Focus on Microsoft
SecurityFocus Microsoft Newsletter #433 Feb 26 2009 09:56PM
Rob Keith (rkeith securityfocus com)
SecurityFocus Microsoft Newsletter #433

----------------------------------------

This issue is sponsored by Sophos Security Threat Report: 2009

Predicting the future in such a rapidly evolving environment is near impossible. One only needs to count the rate at which new malware appears today compared to five years ago to see how quickly the threat has become more serious. Read our security threat report to read about the malware trends we predict will be at the forefront in 2009.
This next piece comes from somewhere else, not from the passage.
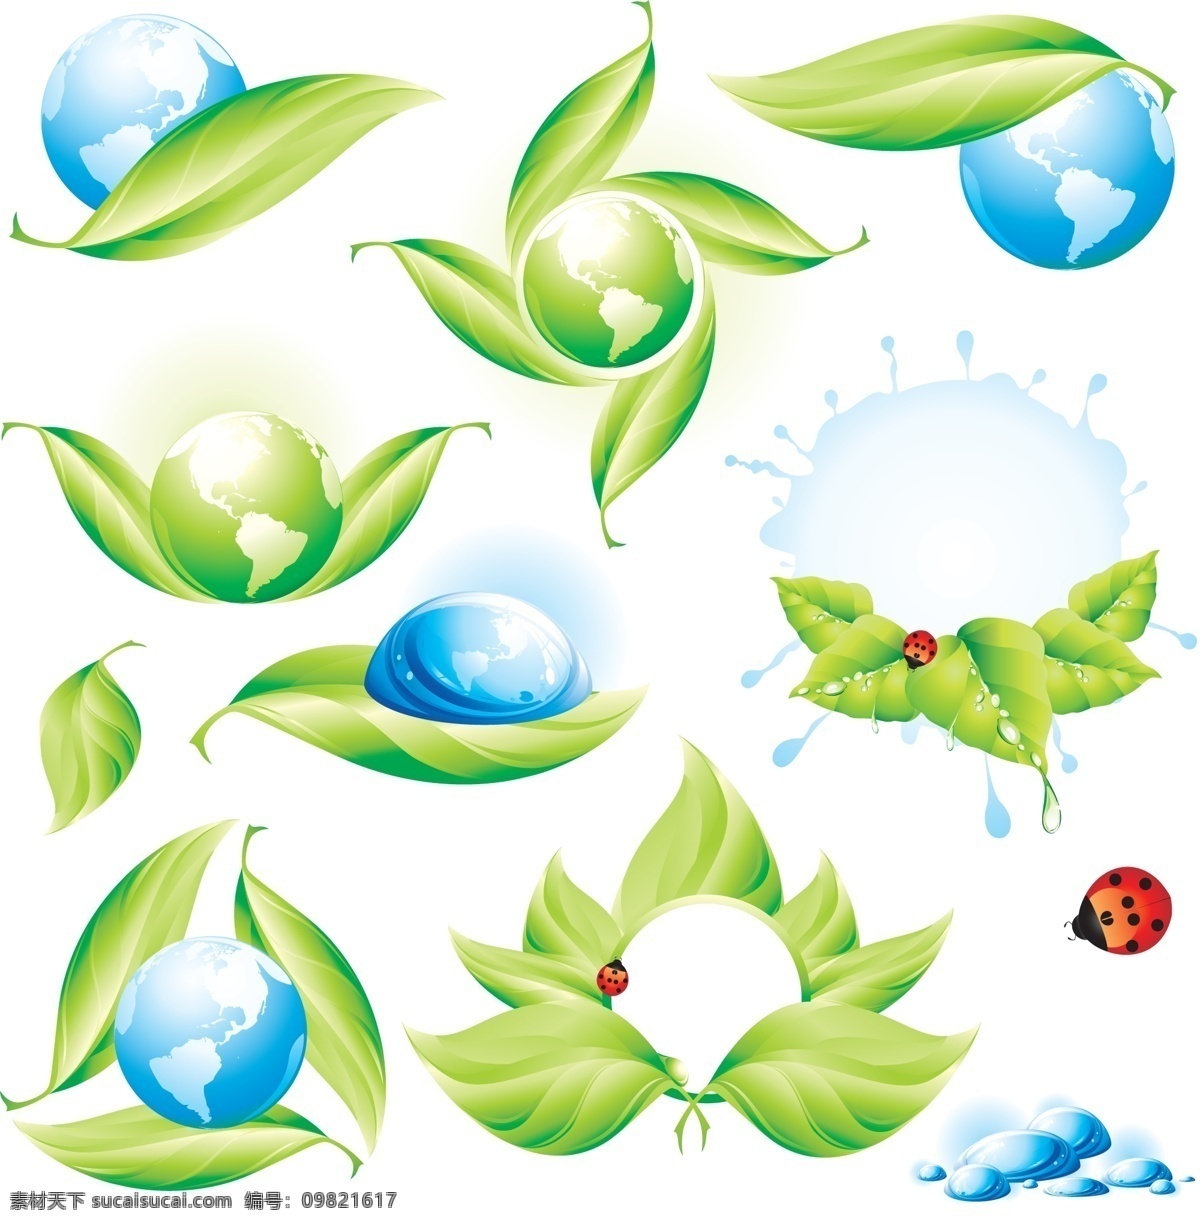 绿色 生态环境 图标 矢量图 地球 绿叶 瓢虫 水珠 水渍 低碳标志 其他矢量图

http://dinclinx.com/Redirect.aspx?36;4036;35;189;0;4;259;d0ddf43bf0d4abd
d

SECURITY BLOGS
SecurityFocus has selected a few syndicated sources that stand out as conveying topics of interest for our community. We are proud to offer content from Matasano at this time and will be adding more in the coming weeks.
http://www.securityfocus.com/blogs

------------------------------------------------------------------
I. FRONT AND CENTER
1. Free Market Filtering
2. Don't Blame the Browser
II. MICROSOFT VULNERABILITY SUMMARY
1. BitDefender Internet Security 2009 File Name Cross Site Scripting Vulnerability
2. HP Virtual Rooms Client Unspecified Remote Code Execution Vulnerability
3. Drupal Theme System Template File Local File Include Vulnerability
4. SHOUTcast Server DNAS Relay Remote Buffer Overflow Vulnerability
5. Adobe Flash Player Unspecified Remote Denial of Service Vulnerability
6. Adobe Flash Player Unspecified Information Disclosure Vulnerability
7. Adobe Flash Player Invalid Object Reference Remote Code Execution Vulnerability
8. Microsoft Excel Invalid Object Remote Code Execution Vulnerability
9. Got All Media URI Handling Remote Denial of Service Vulnerability
10. Agavi Multiple Cross Site Scripting Vulnerabilities
11. Windows Live Messenger Charset Data Remote Denial Of Service Vulnerability
12. Microsoft XML Core Services XMLHttpRequest 'SetCookie2' Header Information Disclosure Vulnerability
III. MICROSOFT FOCUS LIST SUMMARY
1. SecurityFocus Microsoft Newsletter #432
IV. UNSUBSCRIBE INSTRUCTIONS
V. SPONSOR INFORMATION

I. FRONT AND CENTER
---------------------
1.Free Market Filtering
By Mark Rasch
The Australian government is considering requiring that Internet service providers in that country install filters which would prevent citizens from accessing tens of thousands of sites that contain "objectionable" material.
http://www.securityfocus.com/columnists/493

2.Don't Blame the Browser
Melih Abdulhayoglu
There was a time when most diseases were fatal for humans. Intense study and research helped doctors manage diseases better, and subsequently even prevent them altogether.
http://www.securityfocus.com/columnists/492

II. MICROSOFT VULNERABILITY SUMMARY
------------------------------------
1. BitDefender Internet Security 2009 File Name Cross Site Scripting Vulnerability
BugTraq ID: 33921
Remote: Yes
Date Published: 2009-02-26
Relevant URL: http://www.securityfocus.com/bid/33921
Summary:
BitDefender Internet Security 2009 is prone to a cross-site scripting vulnerability because it fails to sufficiently sanitize user-supplied data.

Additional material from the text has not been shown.